Катя понравилась Лешкиной маме с первого взгляда.
«Сразу видно, девочка серьезная, а не вертихвостка какая-нибудь, — решила та, — и одета скромно: в поношенные джинсы и курточку». (Знала бы Вера Федоровна, сколько стоила вся эта поношенность и обтрепанность, купленная в дорогом спортивном бутике!) Катя и вправду держалась скромно, сообразила, что рассказ о трудностях жизни в коттедже с бассейном и прислугой здесь не к месту. Она исподволь огляделась. Простая, почти спартанская обстановка. Мебель шестидесятых годов. Правда, уютно и очень чисто. Хорошо, хотя бы водопровод есть, однако туалет, как успела ей шепнуть Вера Федоровна, на улице. Ни бани, ни бассейна, ни камина, ни плазменной панели телевизора, ни навороченного компьютера — ничего из того, к чему она давно привыкла. И как они тут живут? Чем занимаются в свободное время? Да и есть ли оно у них?
После первых минут приветствий, восклицаний и знакомств Катя с Лешкой почувствовали, что здорово проголодались. Тут и Вера Федоровна захлопотала, потащила их за накрытый стол. Да, это был не скудный парижский «континентальный завтрак», — настоящее русское застолье!
Всегда обширное, чрезмерное — за таким столом и половины всего, соблазнительно пахнущего и красиво подрумяненного, не съесть. Баклажаны, фаршированные сыром, помидорами и морковкой и запеченные в духовке. Пирожки с капустой и с картошкой, пирог с рыбой, сладкий лимонный пирог… Помидоры, маринованные в соке красной смородины. Соленые огурцы и соленые же, из бочки, рыжики. Мясо с картошечкой и с грибами… Всей этой вкуснотищей не двух худеньких молодых людей — пяток упитанных бизнесменов или генералов можно было накормить. Влюбленные уплетали деревенские разносолы за обе щеки и наперебой вспоминали Париж. А Лешкина мама смотрела на них и улыбалась.
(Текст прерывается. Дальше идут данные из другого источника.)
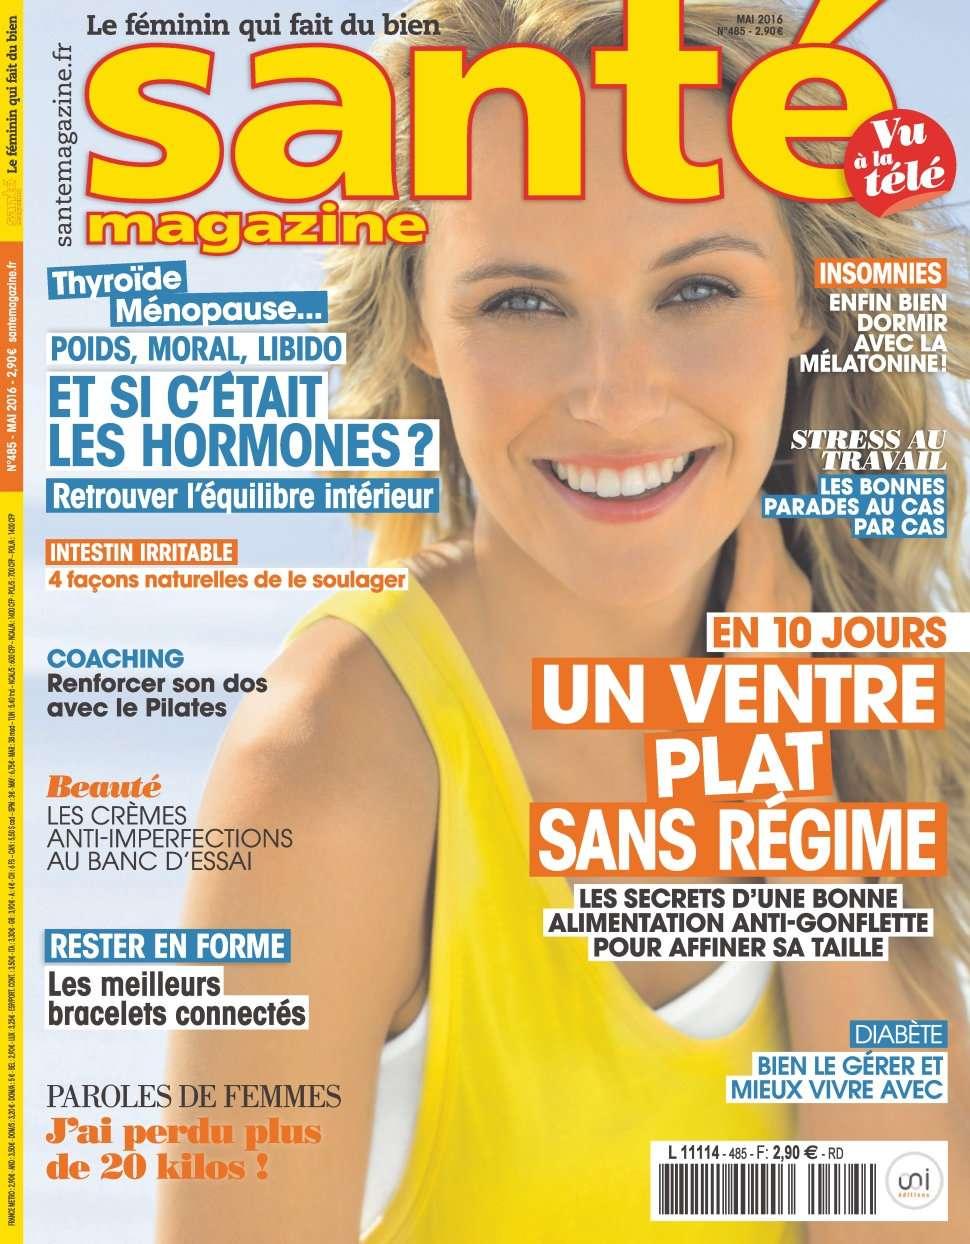 Santé magazine 485 - Mai 2016

После ужина Лешка удалился с мамой на кухню, и до Кати долетели обрывки фраз:
— Нет, мам, ну ты даешь! У нас все серьезно! Нет, не «интрижка на одну ночь»! Нет, что ты! Ты же всегда сама говорила: «Лучше пусть мой сын спит с девушками дома, чем занимается любовью черт-те где». А теперь? Насаждаешь в доме нравы католической монастырской школы…
— Чего-чего? — удивленно переспросила Вера Федоровна и, устав спорить с сыном, махнула рукой.
Через несколько минут юные влюбленные рухнули на просторную тахту в маленькой пристройке.
— Раньше мы сдавали эту комнатку с отдельным входом дачникам, — пояснил Лешка, сладко зевая. Он обнял Катю, и они, смертельно утомленные долгой дорогой, тут же уснули счастливым крепким сном.
— Сидеть и ждать, — строго приказала Марианна Лаврентьевна спутнику, устроив его на скамейке напротив управы. Михаил Соломонович, обрадованный тем, что в марафоне наконец наступила короткая передышка, покорно кивнул и перекрестил спутницу. Марианна Лаврентьевна, небрежно предъявив в проходной удостоверение внештатного сотрудника управы, чеканной походкой комиссара проследовала в коридоры власти.